La Nuova Sardegna

Marijuana, crescono coltivazioni e spaccio

Marijuana, crescono coltivazioni e spaccio

I ricercatori: «La cannabis può diventare merce di scambio tra bande locali e altri gruppi criminali»

30 novembre 2014
2 MINUTI DI LETTURA





SASSARI. Piantagioni di cannabis sorvegliate da uomini armati. Contatti per lo smercio tra mala locale e organizzazioni dislocate sulla penisola. Saldature tra vecchie e nuove bande: pronte non solo allo spaccio di marijuana, ma a vendere coca, eroina, anfetamine.

Nel mondo della droga sardo sono comunque le coltivazioni di marijuana a dominare la scena, non foss’altro per l’elevatissima qualità del “prodotto” in zone come Sarrabus e Ogliastra. Come informa il report dell’Osservatorio sociale, tra il 2010 e quest’anno, ci sono stati così 516 sequestri, con 30.479 piante di cannabis confiscate e un trend di crescita nella diffusione del fenomeno, più marcato in provincia di Nuoro. Le piantagioni maggiori sono state scoperte, oltre che nelle Barbagie e in Ogliastra, nel Marghine e nel Goceano. L’area a rischio criminalità resta a ogni modo la zona centro-orientale.

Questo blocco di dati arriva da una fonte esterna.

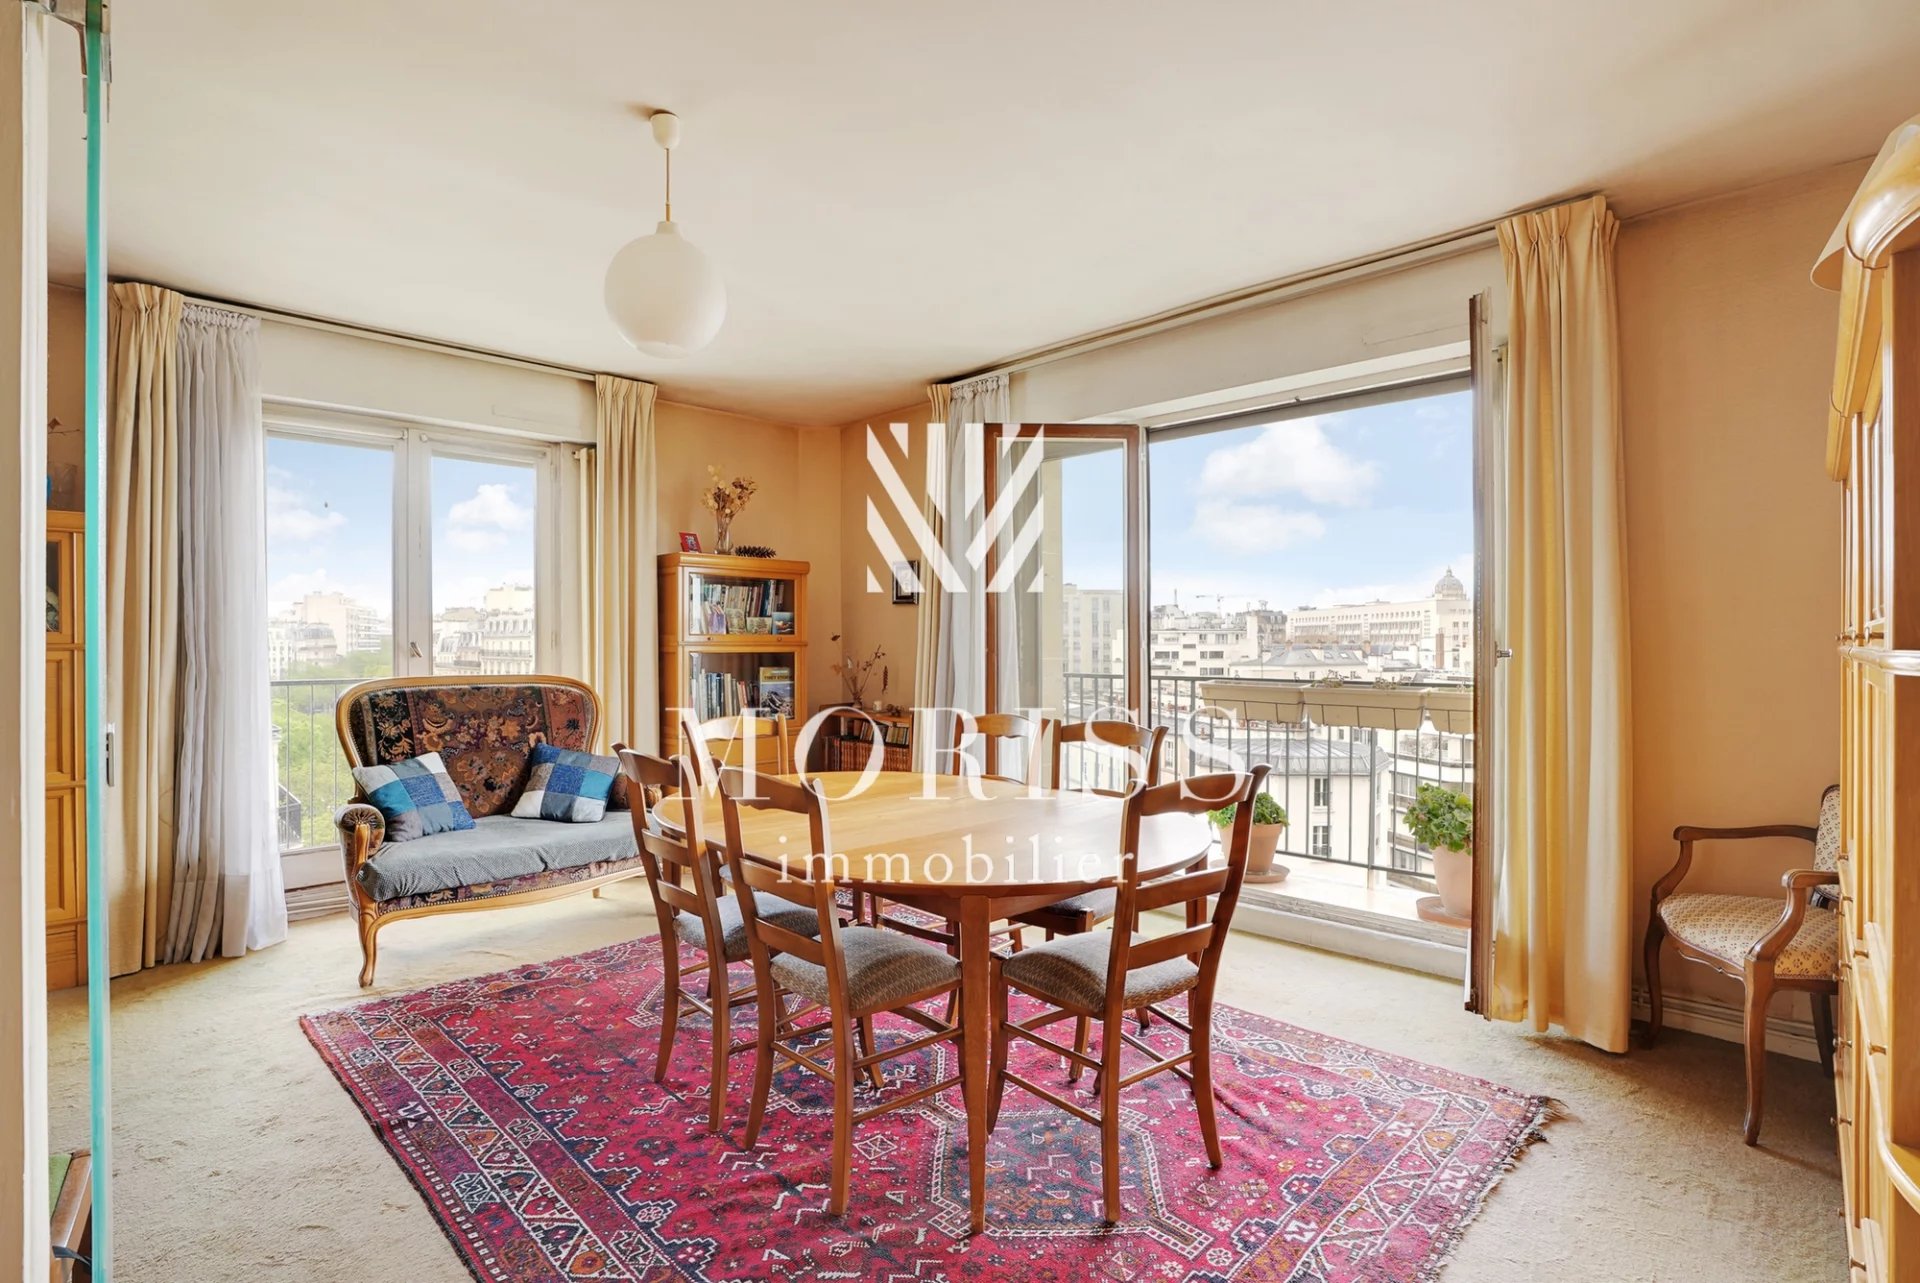 Appartement familial - 92m2 avec balcon / Croulebarbe - Image 1
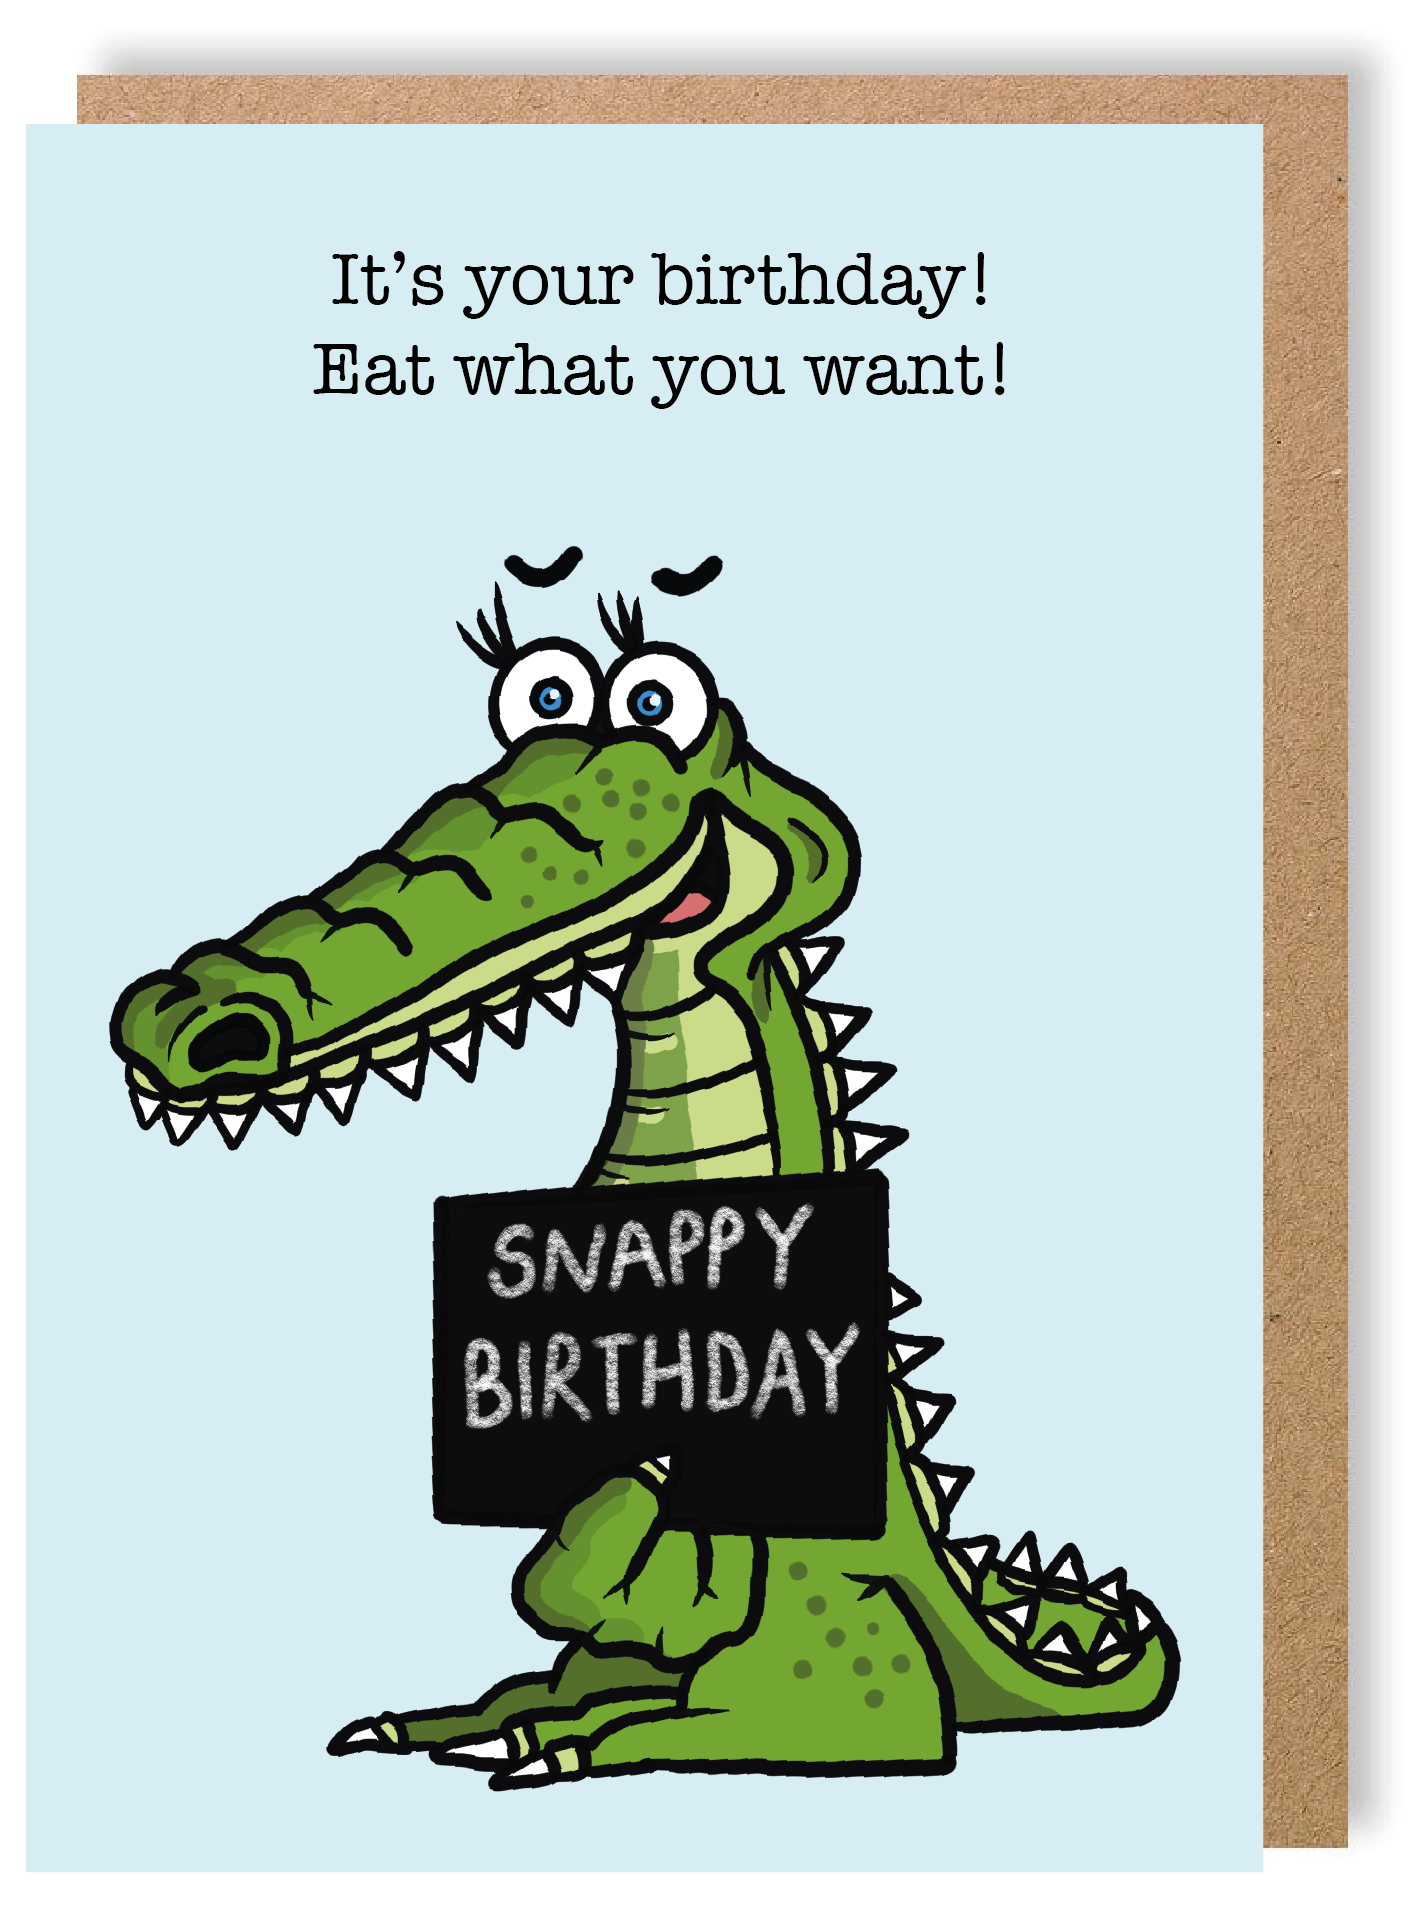 Snappy Birthday - Crocodile - Greetings Card - LukeHorton Art

Oltre ai sequestri in territori urbani e metropolitani, serre e terreni per le piantine sono stati scoperti spesso vicino a piccoli comuni, a volte con meno di tremila abitanti. Al centro dei traffici in queste zone, «uomini perlopiù giovani, disoccupati o operai». I quali, presumibilmente, fanno parte di organizzazioni in grado di assicurare controllo del territorio e dedicarsi a un mercato di vaste dimensioni.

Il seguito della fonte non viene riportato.